What you will do
In your reply, repeat the full listing exactly and leave each picture out.

Information supplied
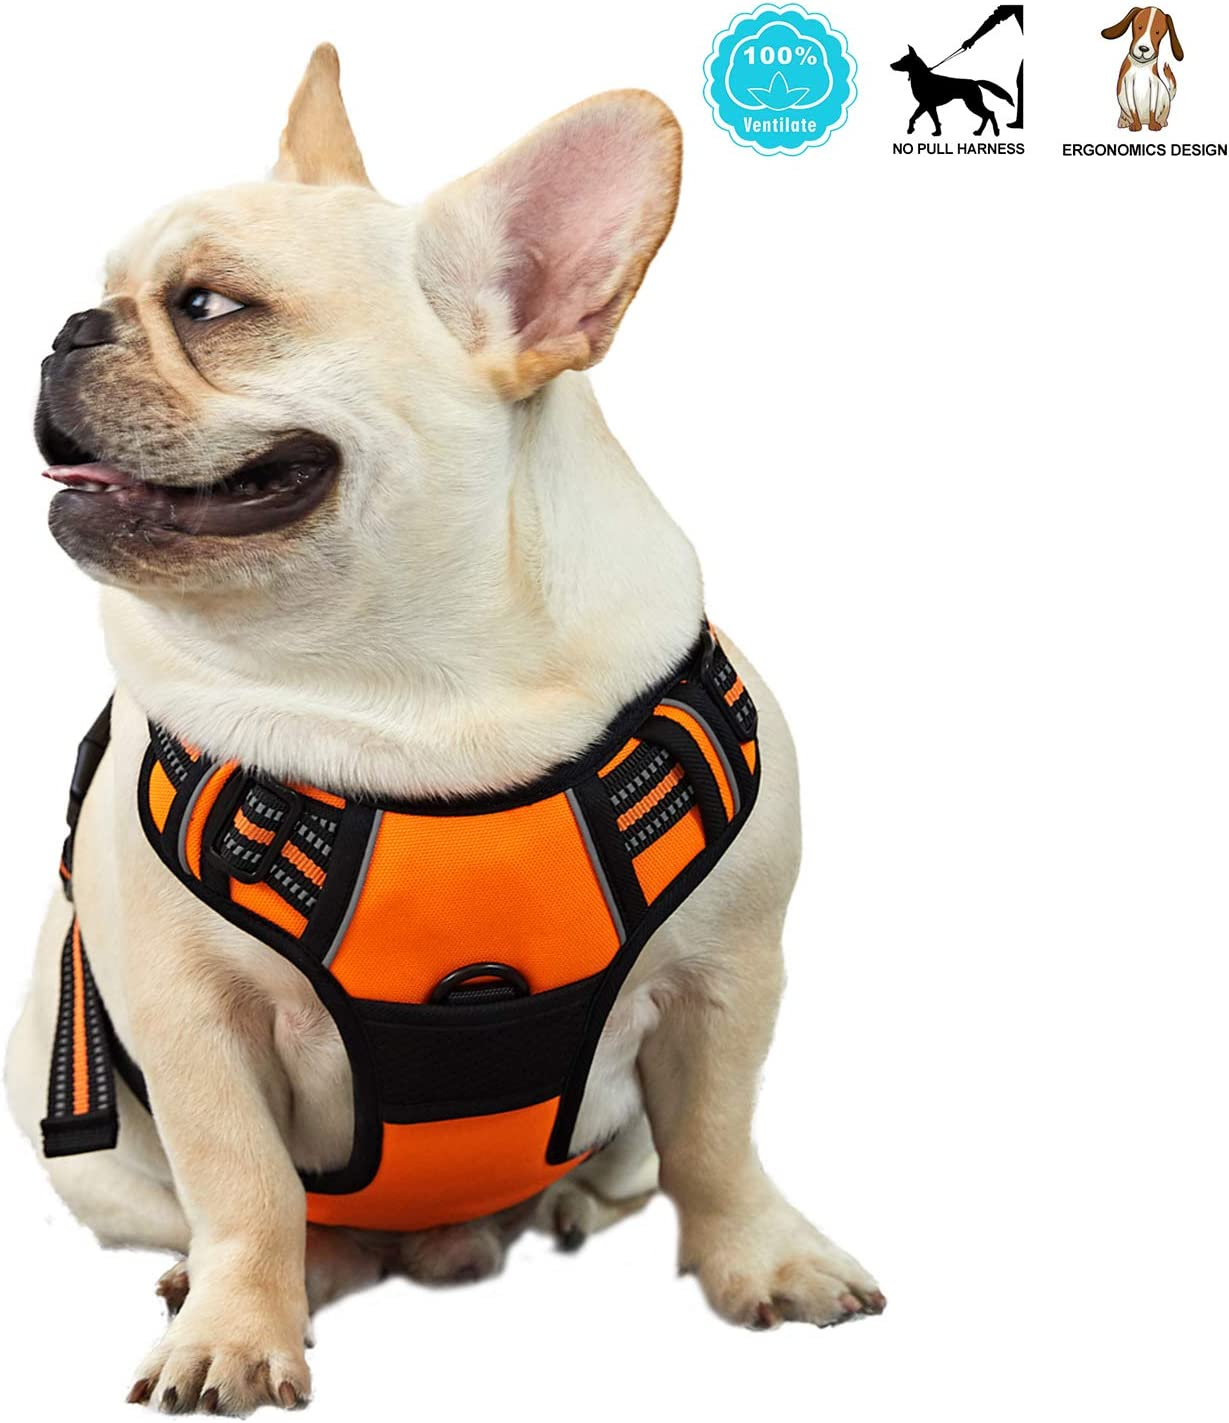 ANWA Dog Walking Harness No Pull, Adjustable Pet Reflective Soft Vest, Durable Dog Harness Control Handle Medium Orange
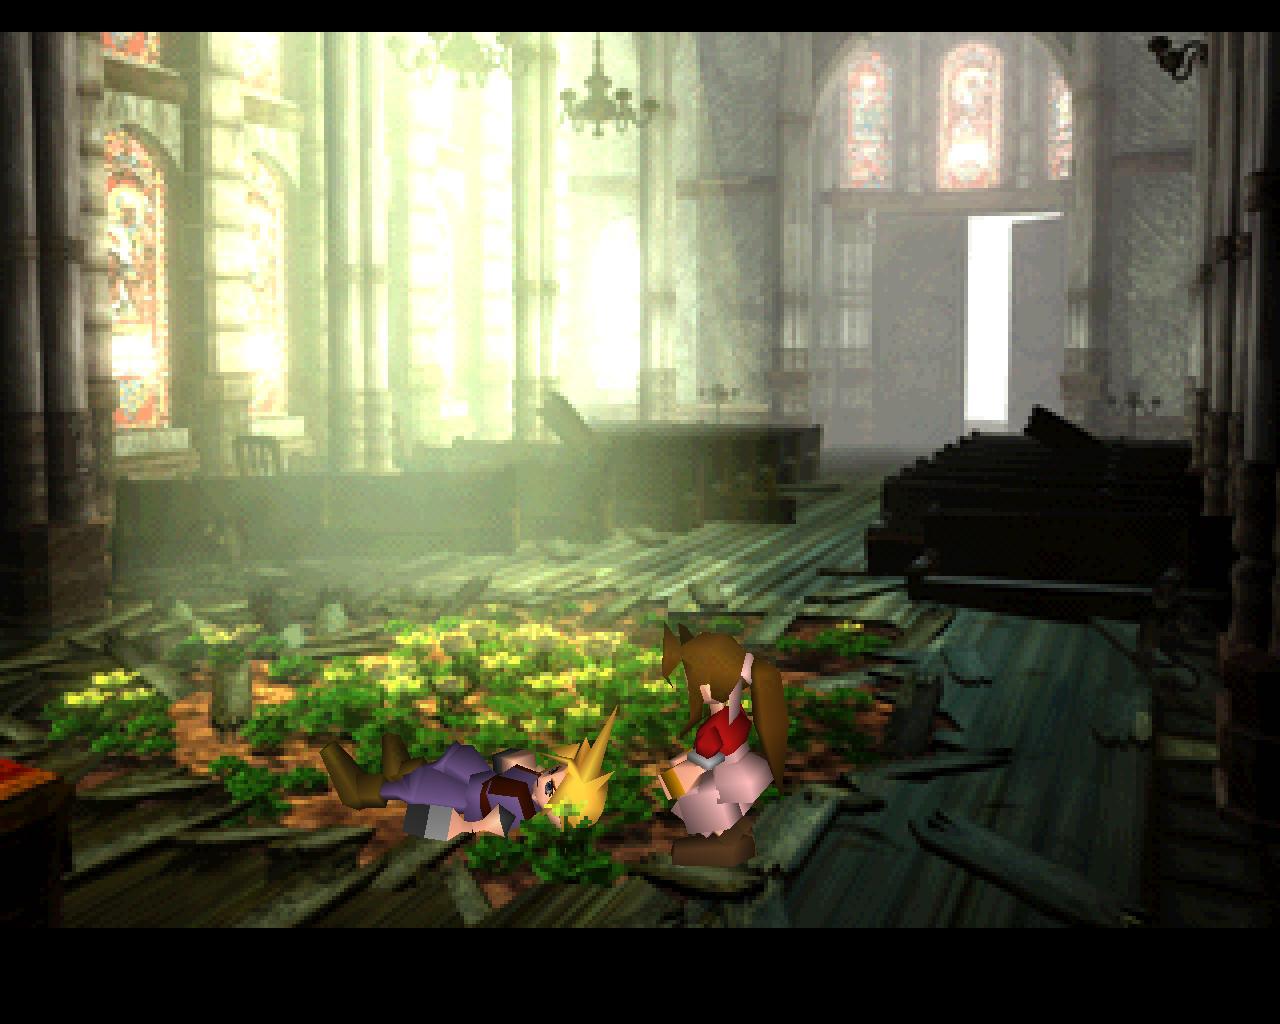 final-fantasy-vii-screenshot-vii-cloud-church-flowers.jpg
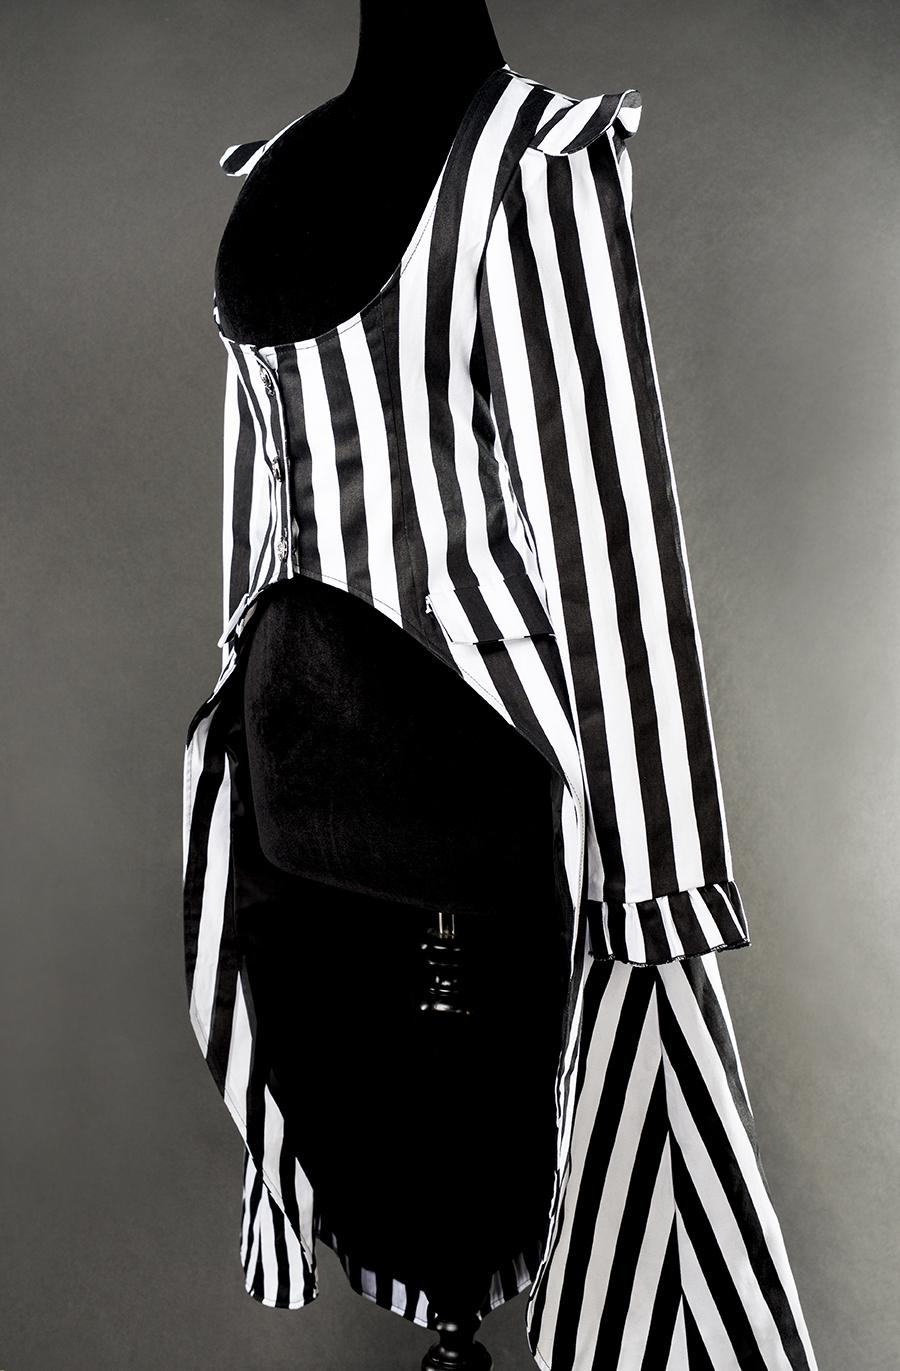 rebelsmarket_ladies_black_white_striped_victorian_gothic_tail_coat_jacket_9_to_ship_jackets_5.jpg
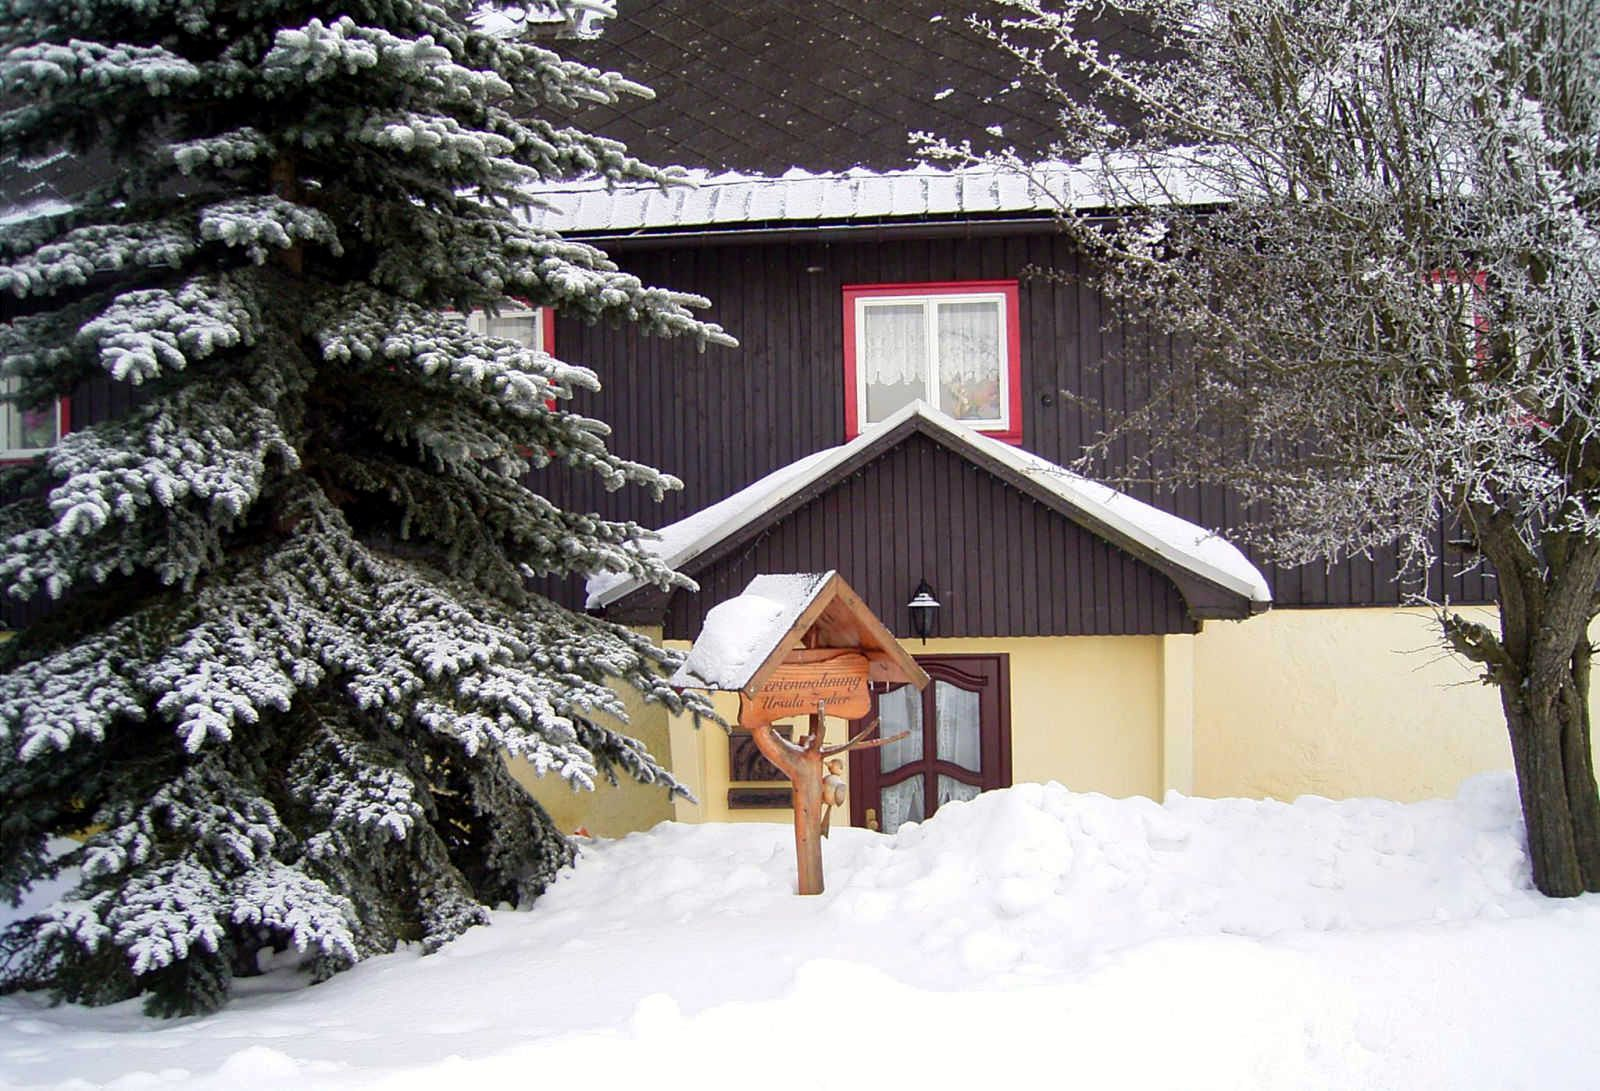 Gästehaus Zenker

Answer box
 ANWA Dog Walking Harness No Pull, Adjustable Pet Reflective Soft Vest, Durable Dog Harness Control Handle Medium Orange
 final-fantasy-vii-screenshot-vii-cloud-church-flowers.jpg
 rebelsmarket_ladies_black_white_striped_victorian_gothic_tail_coat_jacket_9_to_ship_jackets_5.jpg
 Gästehaus Zenker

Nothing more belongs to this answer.